Applied to controller/dwc-ep, thank you!
[01/02] PCI: designware-ep: Fix DBI access before core init
https://git.kernel.org/pci/pci/c/d3d13b00a2cf
[02/02] PCI: designware-ep: Move pci_epc_init_notify() inside dw_pcie_ep_init_complete()
https://git.kernel.org/pci/pci/c/a171e1d60dad
Krzysztof
Hello,
> > This series is the continuation of previous work by Vidya Sagar [1] to fix the
> > issues related to accessing DBI register space before completing the core
> > initialization in some EP platforms like Tegra194/234 and Qcom SM8450.
>
> Applied to controller/dwc-ep, thank you!
>
> [01/02] PCI: designware-ep: Fix DBI access before core init
> https://git.kernel.org/pci/pci/c/d3d13b00a2cf
> [02/02] PCI: designware-ep: Move pci_epc_init_notify() inside dw_pcie_ep_init_complete()
> https://git.kernel.org/pci/pci/c/a171e1d60dad
Manivannan, I applied this series to "controller/dwc-ep" rather than
"controller/dwc" so that I can have a look at the conflicts we have
between this series and the current "controller/dwc" branch.
There have been changes from both Shimoda-san and Frank Li that both
changed some things and moved some things around within the code base,
so this series no longer cleanly applies.
However, I wanted the CI system to pick the branch for testing, as the
sooner, the better.
Hopefully, we can resolve the conflicts before Bjorn sends his Pull
Request with 6.8 changes.
Krzysztof
On Sun, Jan 07, 2024 at 04:27:07PM +0900, Krzysztof Wilczyński wrote:
> Hello,
Hello Krzysztof, Manivannan,
>
> > This series is the continuation of previous work by Vidya Sagar [1] to fix the
> > issues related to accessing DBI register space before completing the core
> > initialization in some EP platforms like Tegra194/234 and Qcom SM8450.
>
> Applied to controller/dwc-ep, thank you!
>
> [01/02] PCI: designware-ep: Fix DBI access before core init
> https://git.kernel.org/pci/pci/c/d3d13b00a2cf
> [02/02] PCI: designware-ep: Move pci_epc_init_notify() inside dw_pcie_ep_init_complete()

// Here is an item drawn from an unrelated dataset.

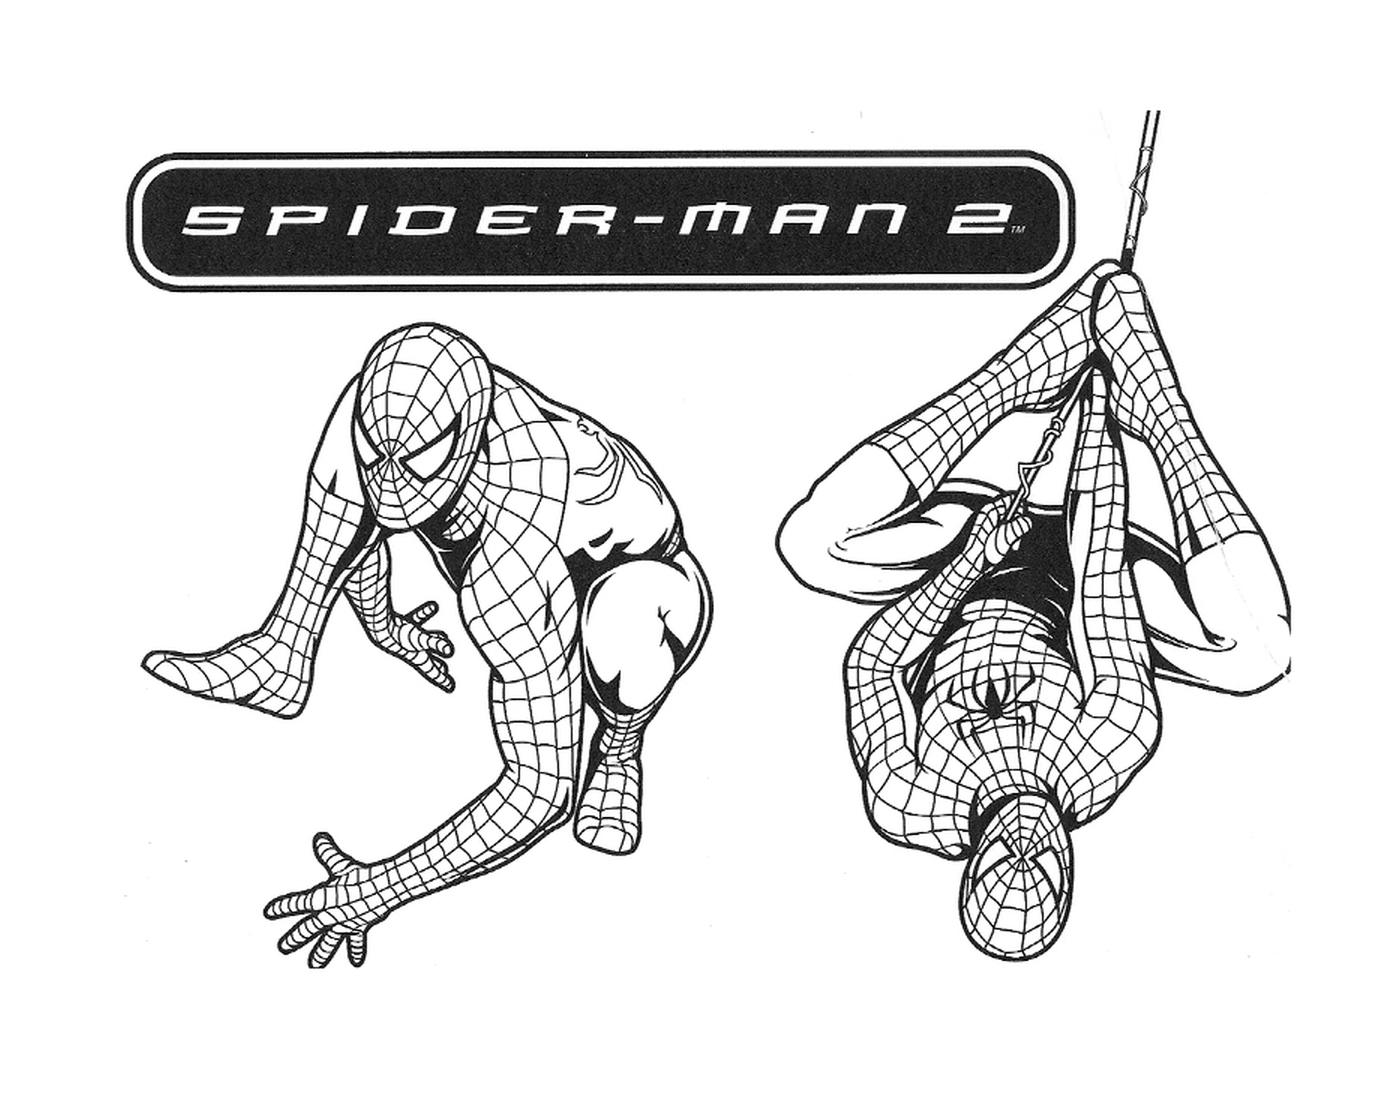  Personaggio di Spiderman

> https://git.kernel.org/pci/pci/c/a171e1d60dad
>
> Krzysztof
Considering that we know that this series introduces new problems
for drivers with a .core_init_notifier (i.e. tegra and qcom), see:
https://lore.kernel.org/linux-pci/ZWYmX8Y%2F7Q9WMxES@x1-carbon/
Do we really want to apply this series as is?
Reading the patch, it appears that (at least some) tegra and
qcom boards currently causes a whole system hang, which IIUC,
renders those boards unusable.
So perhaps the new issues introduced by this series is preferable
to a whole system hang.
As such, I can understand the urgency to merge this series.

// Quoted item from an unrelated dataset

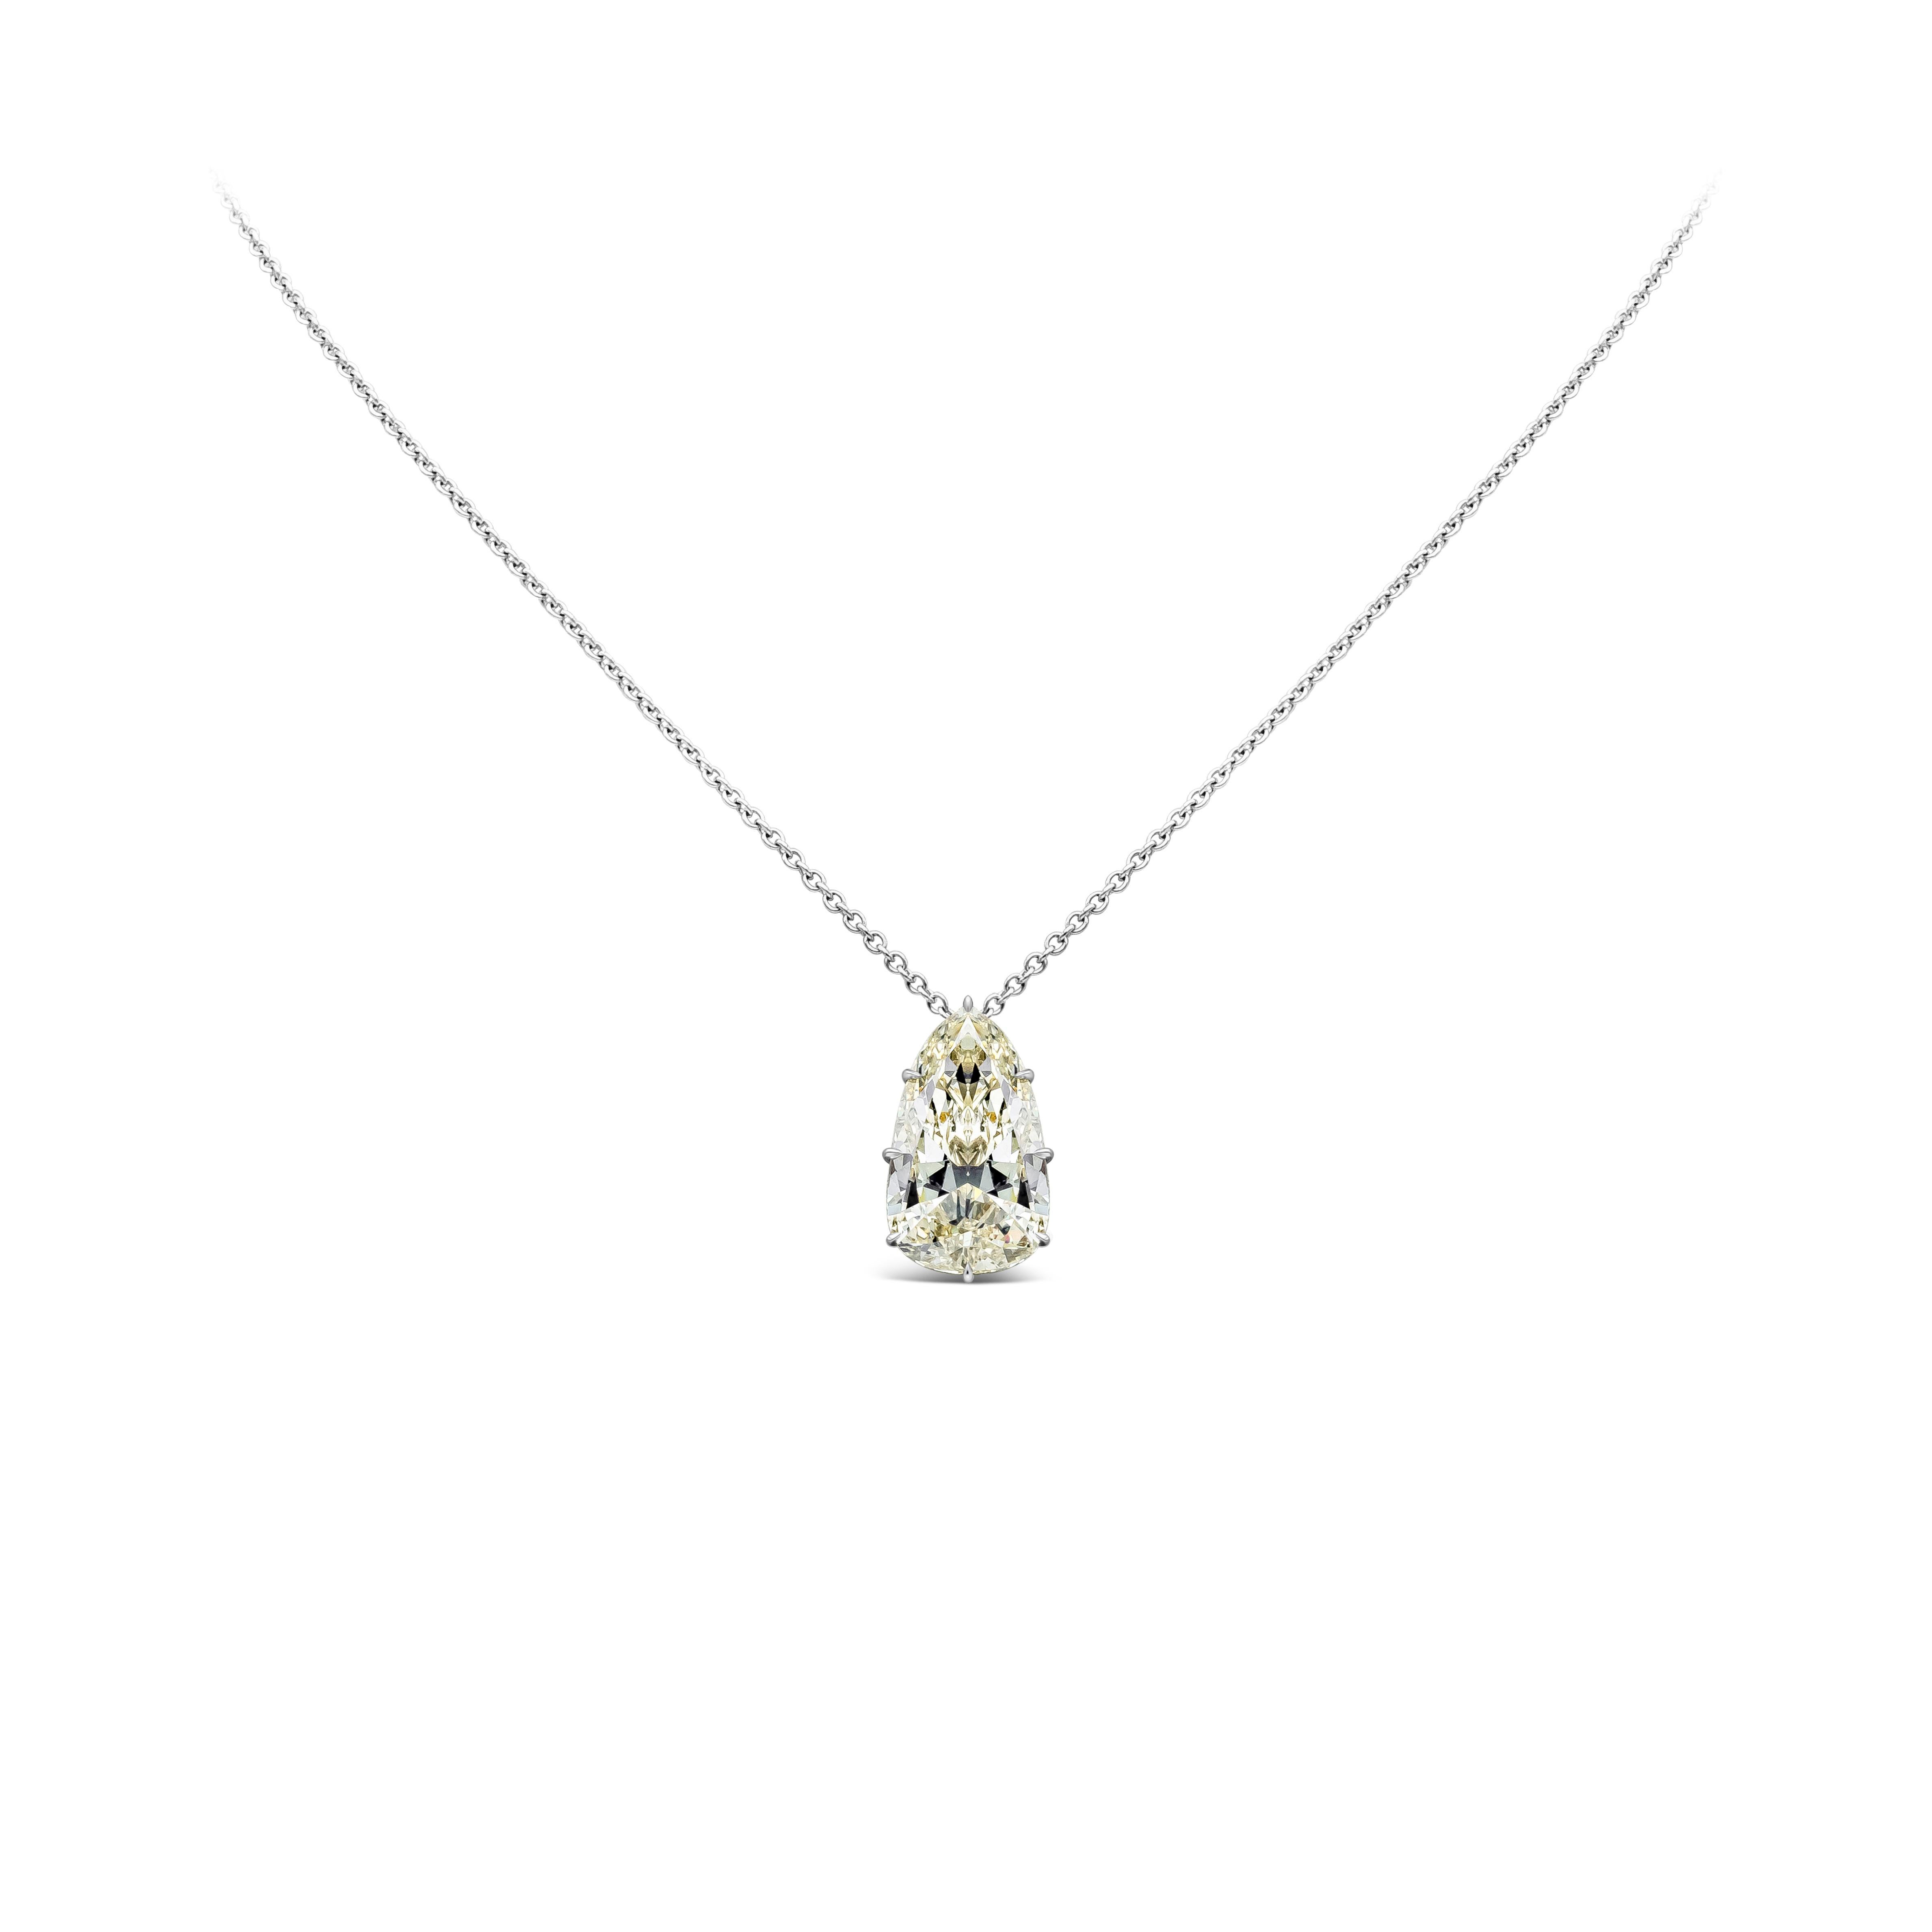 Collier pendentif solitaire mettant en valeur un diamant poire de 9,10 carats, de couleur K et de pureté VVS2. Serti sur 8 pointes, en platine. 18 pouces de longueur

However, at the very least, I think that it might be worth amending
the commit message to mention that this will currently not deregister
the dma device in a clean way, leading to e.g. superfluous entries in
/sys/class/dma/ and debugfs warnings being printed to dmesg.
Kind regards,
Niklas
It doesn't look to me like the issues raised by Niklas have really
been resolved:
https://lore.kernel.org/r/ZWYmX8Y%2F7Q9WMxES@x1-carbon/
https://lore.kernel.org/r/ZZ2JXMhdOI1Upabx@x1-carbon
so I'm doubtful that we should apply this as-is. The spurious
/sys/class/dma/ stuff and debugfs warnings sound like things that will
annoy users.
Apart from that, this patch has been floating around a long time, but
I still think this solution is hard to maintain for the same reasons I
mentioned here:
https://lore.kernel.org/linux-pci/20220919224014.GA1030798@bhelgaas/
On Mon, Nov 20, 2023 at 02:10:13PM +0530, Manivannan Sadhasivam wrote:
> The drivers for platforms requiring reference clock from the PCIe host for
> initializing their PCIe EP core, make use of the 'core_init_notifier'
> feature exposed by the DWC common code. On these platforms, access to the
> hw registers like DBI before completing the core initialization will result
> in a whole system hang. But the current DWC EP driver tries to access DBI
> registers during dw_pcie_ep_init() without waiting for core initialization
> and it results in system hang on platforms making use of
> 'core_init_notifier' such as Tegra194 and Qcom SM8450.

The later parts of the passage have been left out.